CROWN HEIGHTS, Brooklyn (WABC) -- The parents of Saheed Vassell are expressing anger and outrage over the NYPD shooting death of their son.



The NYPD said officers responding to reports of a man threatening people with a gun on Wednesday fatally shot Vassell, but later said he was carrying a metal pipe that had been mistaken for a firearm.



Vassell's father, Eric, said police acted too quickly and need better training, but admits he can see how the surveillance picture of him holding the pipe may have caused panic.



"Police had a choice, they always have a choice," he said. "They should not train them to kill. They should train them to protect life, to save life."



He said his son was bipolar, but not on medication. He doesn't know why he had that pipe but said he sometimes worked as a welder.


Eric Vassell says the NYPD did not need to kill his son

Lorna Vassell, his mother, is furious with police.



"I'm really angry," she told Eyewitness News reporter Derick Waller. "I'm really upset, because police did not have to shoot my son down like that."

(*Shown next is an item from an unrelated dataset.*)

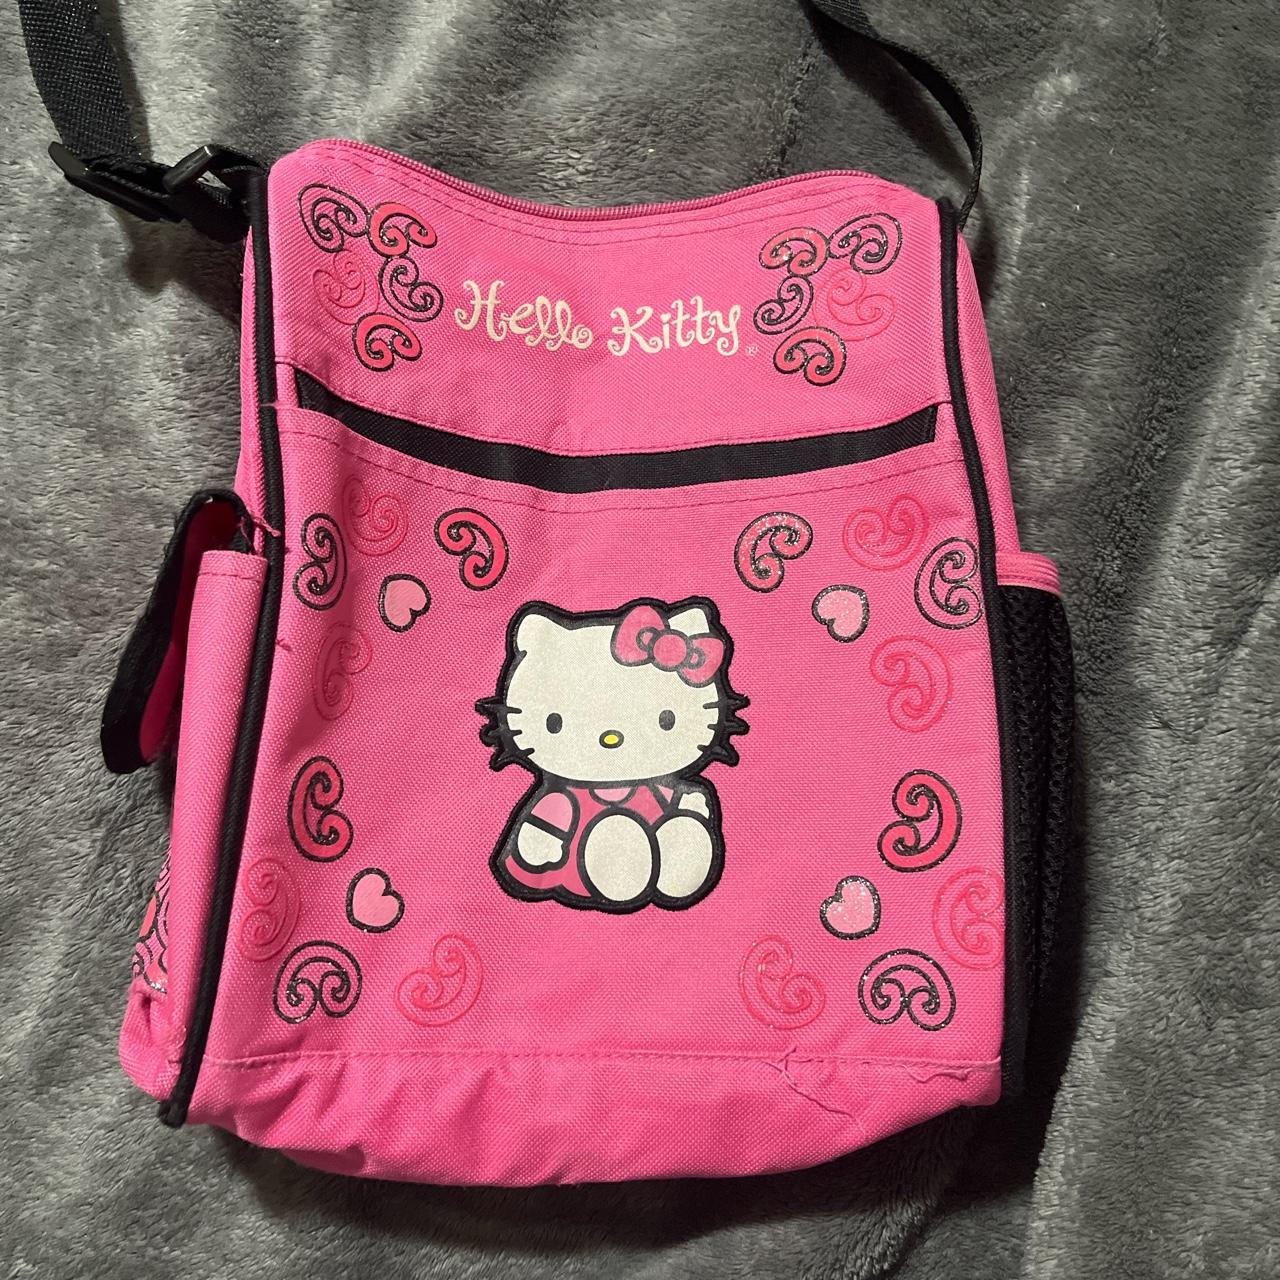 Pink Hello Kitty Side Bag/Shoulder Bag -It has... - Depop

Lorna Vassell believes police did not need to shoot her son to kill him

Vassell's aunt, Nora Ford, echoed those remarks.



"I feel like I could kill them myself," Ford said. "That's how angry I am. They took one of my family."


Derick Waller talked to the aunt of Saheed Vassell, the suspect shot and killed by NYPD

Vassell was well-known to everyone on Utica Avenue.



He was known for struggling with mental health issues. People say he was harmless, and that the police should have known that too.



His death sent tensions high with officers on the scene in Crown Heights.



"Shoot me too," one resident said. "And officer, stop murdering our people. How's that sound?"



"He don't trouble nobody, but he always do this, like he's shooting and all that," another said. "Maybe that's why they do all that shooting? I don't know. But they shouldn't shoot him for no reason at all."



Neighborhood residents say Vassell would go to the store for you if you asked him. At most, they say he would ask for a quarter or a cigarette.



His cousin said he leaves behind a teenage son.